The panels were universally excellent. Special mention goes to: Kim Wilkins and her impressive (to me especially) use of Old English; Crime author P M Newton for being so erudite and articulate in the face of Joe Abercrombie’s wise-cracking; Peter Ball and Alex Adsett for their insights into writing as a career; Ginger Clark for her excellent presentation on what an agent does (and how);  the Saturday night Snark from ‘Smart Bitch’ Sarah (Platypus of Doom, Gay Tarot Reading Vampire Were-Roos, Mr Darcy’s horrible secret…); the conversation with Joe Abercrombie (of course).

Thanks also to Peta Freestone and Amie Kaufman for helping me hone my pitch, and to Lindy Cameron of Clan Destine press for her encouraging feedback.

Thanks to everyone who made the weekend so wonderful (especially my wife, who looked after our two boys solo all weekend! How did I get so lucky to have such support?).

It ended with a successful pitch (with a caveat for length) to Ginger Clark and an invitation to submit pages. Could not have hoped for anything more!


Product over profile

For a while now (read several weeks) I’ve been devoting myself to refining my product and this has come at the expense of my profile, on this website, on Facebook, on Twitter, etc… There really is too few hours for me each day at the moment.

The deadline looms for me to have that product ready though. I’ll be attending my first writers’ convention in one week’s time. Flights are booked, accommodation too. I have  some acquaintances with whom I’ll be able to become more acquainted, some twitterati who I will be able to meet IRL, and hopefully there will be new and interesting people for me to meet, with whom to share ideas, discuss our shared and varied experiences of writing, etc…

That said, one highlight for me will be the opportunity to pitch my novel manuscript. It’ll be a verbal pitch, five minutes in a tight schedule where I and presumably many other hopefuls will be trying to convince an agent (or editor, but I have preferenced agents) that we might be worth doing business with.

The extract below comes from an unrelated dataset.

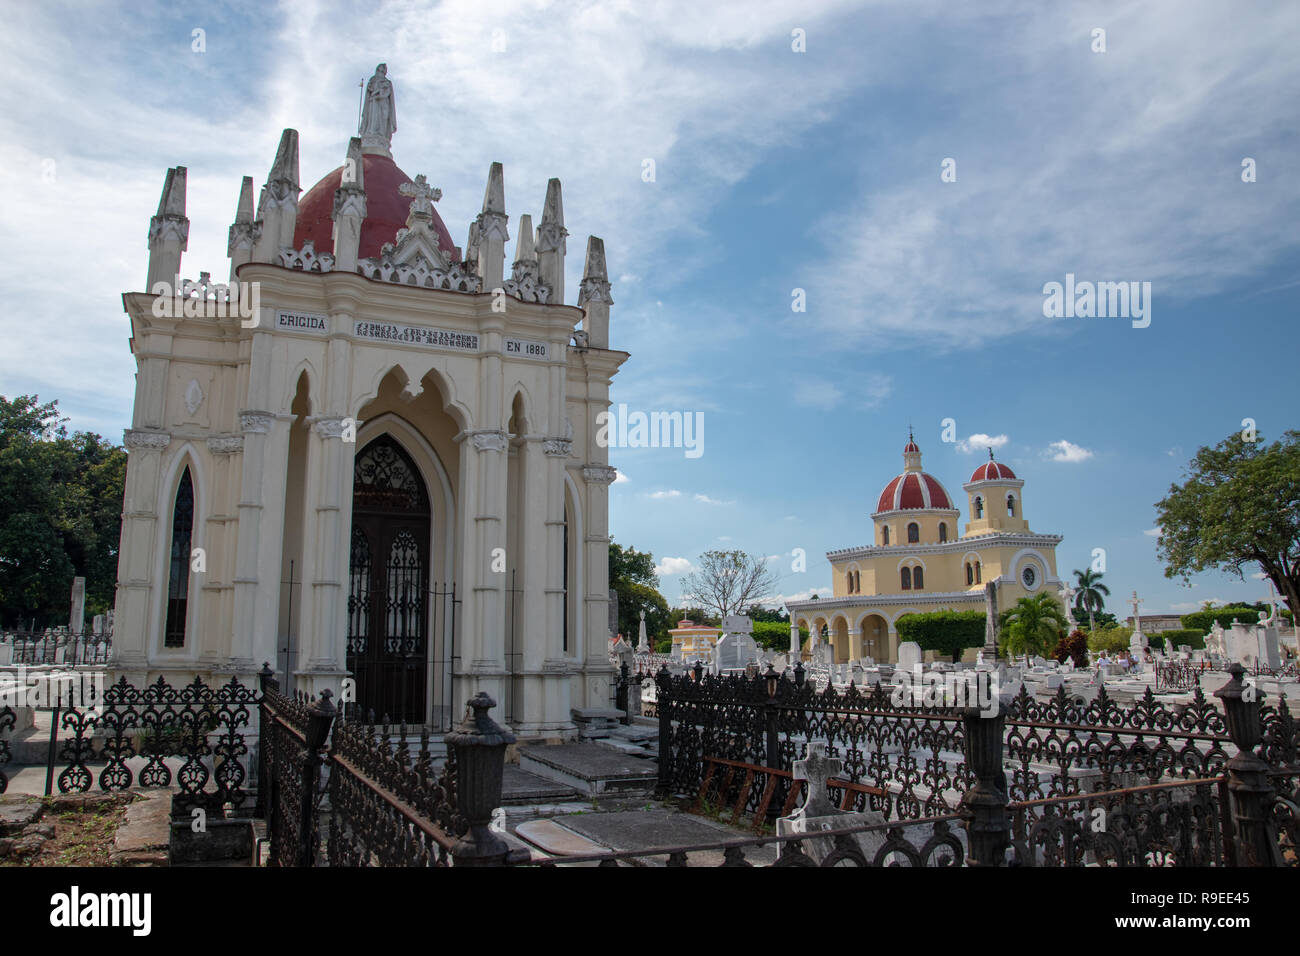 El Cementario de Cristobal Colon (Colon) Cimetière a été fondée en 1876 dans le Vedado, La Havane, Cuba pour remplacer Espada cimetière. Le nom de Christophe Columb Banque D'Images

Worst case scenario it’s a ‘thanks, but…’ response, and I’m tying to establish that as the default expectation, not in a cynical way but in a realist way. Expectations and hopes vary though, and I hope I get a great response and a request for a full manuscript… in which case I better have one to provide which is polished to the point of shining with brilliance.

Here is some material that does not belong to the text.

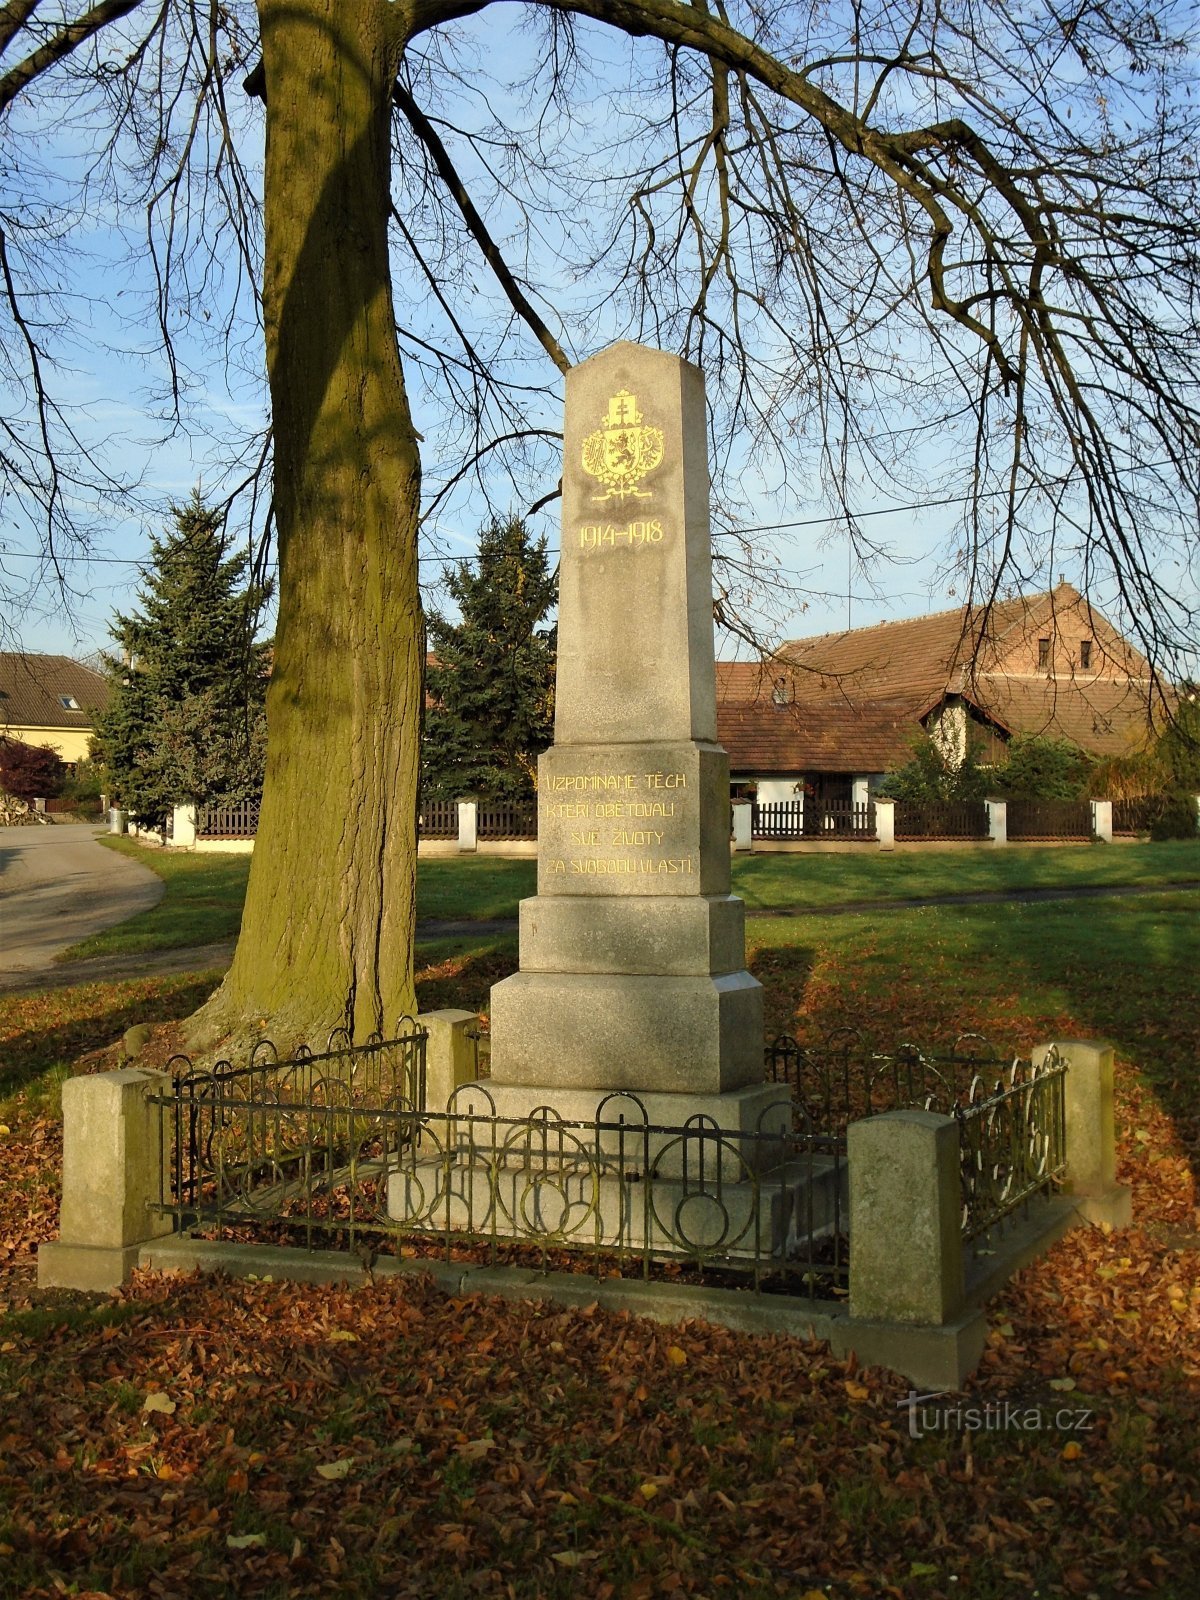 第一次世界大戦で亡くなった人々の記念碑 (Hvozdnice)

Now having said all that I’m reminded of some wisdom that came to me via twitter from the dark and twisted (but no less wise for that) mind of Chuck Wendig. Conventions should not be about schlepping the goods and forging commercial interaction protocols. They should be about meeting people as people, not as cogs in an industrial writing complex (or publishing receptacles). Sure that industrial side of the pursuit is there, let’s not be naive, but I’m kinda looking forward to just meeting people and sharing ideas.

Product over profile, people over platforms, proficiency over publication.

Always remember that my stated goal is not to be a published writer (that’s easy enough these days if you have enough spare cash and low enough standards) but to be a good writer (or at least a better one than I was yesterday).